Data collection began by preparing and putting a sample into the sample vial. Amount of sample 
used in each data collection was 5 ml. The sample vial was then tightly closed for 5 minutes, so the 
headspace of the vial would be saturated by sample aroma. After 5 minutes, data collection could be started. 
Data collection would run automatically in a series of 3 processes. The first process was referencing that lasted 
for 60 s in which the valve was closed and oxygen flowed directly into the chromatography column without 
going through the sample vial. This process was carried out to obtain the baseline value (sensor drift), the sensor 
response without the exposure of sample aroma. The second process was sampling that lasted for 180 s. 
During this process, the valve opened and oxygen flowed through the sample vial. Oxygen mixed with the 
sample aroma and continued to flow towards the chromatography column. 

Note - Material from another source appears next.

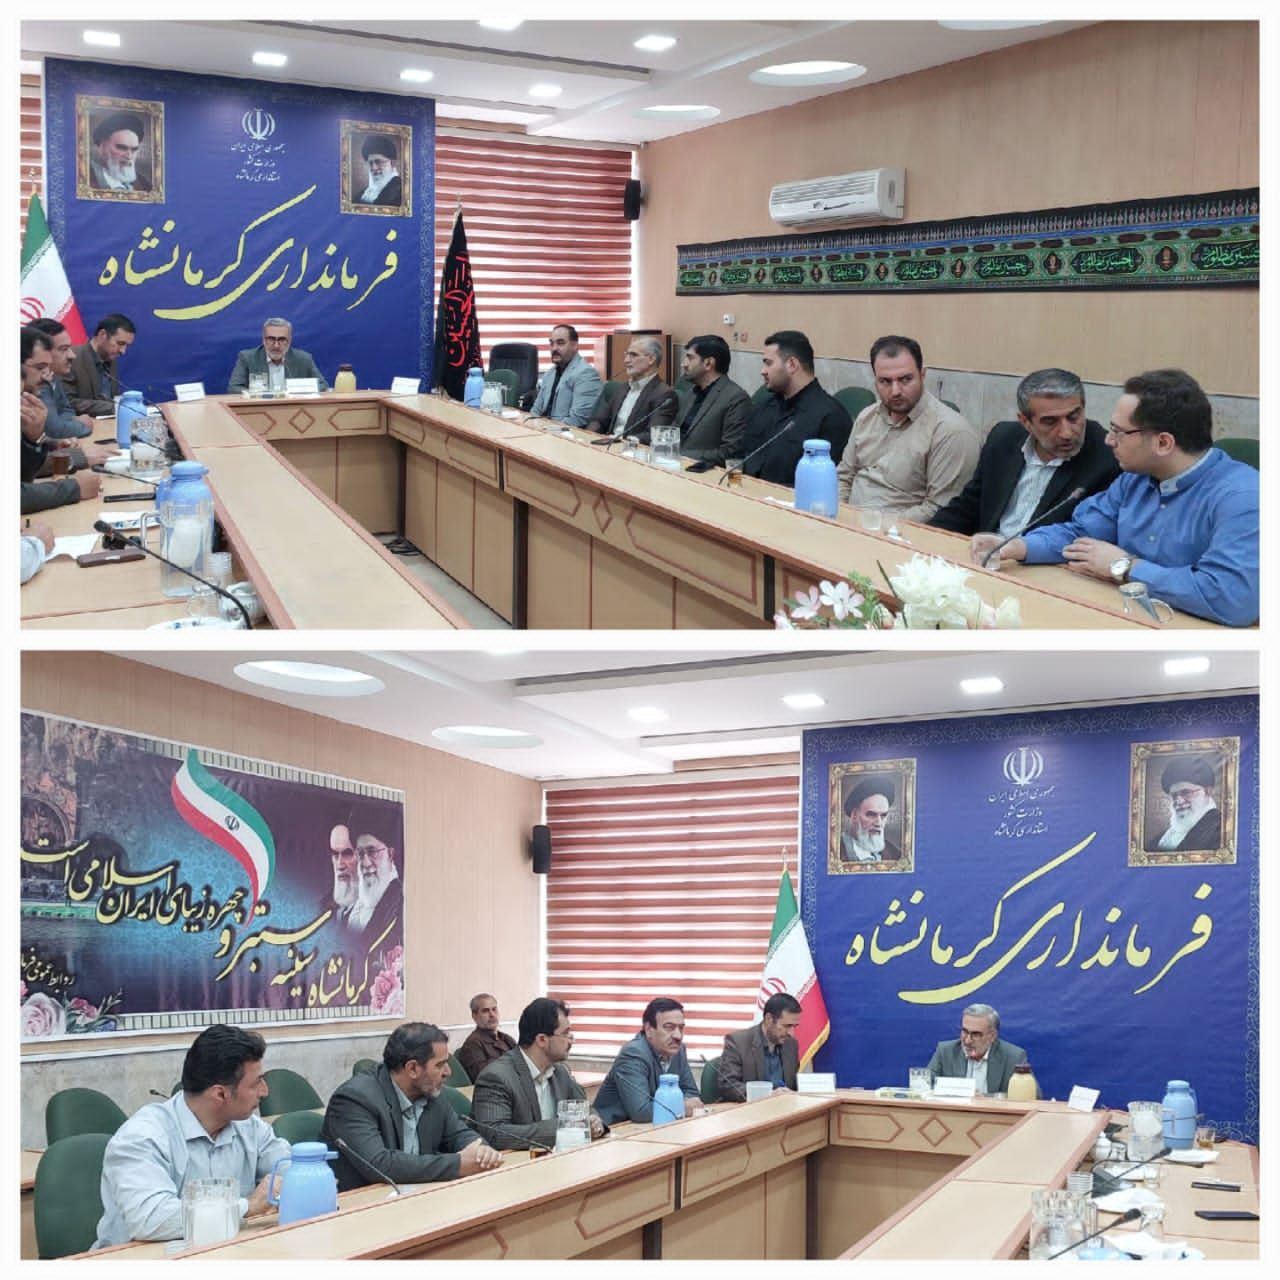 هیئت رئیسه شورای شهر کرمانشاه انتخاب شدند

The third process was profiling that lasted for 35 minutes (2100 s). Once profiling started, the valve 
was closed and oxygen flowed directly into the chromatography column again. Profiling was a process in 
which the sensor detected the analytes contained in the sample aroma that had been separated by gas 
chromatography column. The column retained a certain number of analytes for some time as the consequence 
of their interaction with the stationary phase inside the column. Analytes that did not interact with the 
stationary phase would leave first and vice versa. The analytes that had come out of the column flowed to the 
TGS 2620 sensor that result in the change of sensor conductance which then converted by microcontroller 
into a digital data of the change of the sensor output voltage, sent to the data acquisition system, received and 
presented as a chromatogram. Exposure to an analyte was indicated by the increment of the sensor response. 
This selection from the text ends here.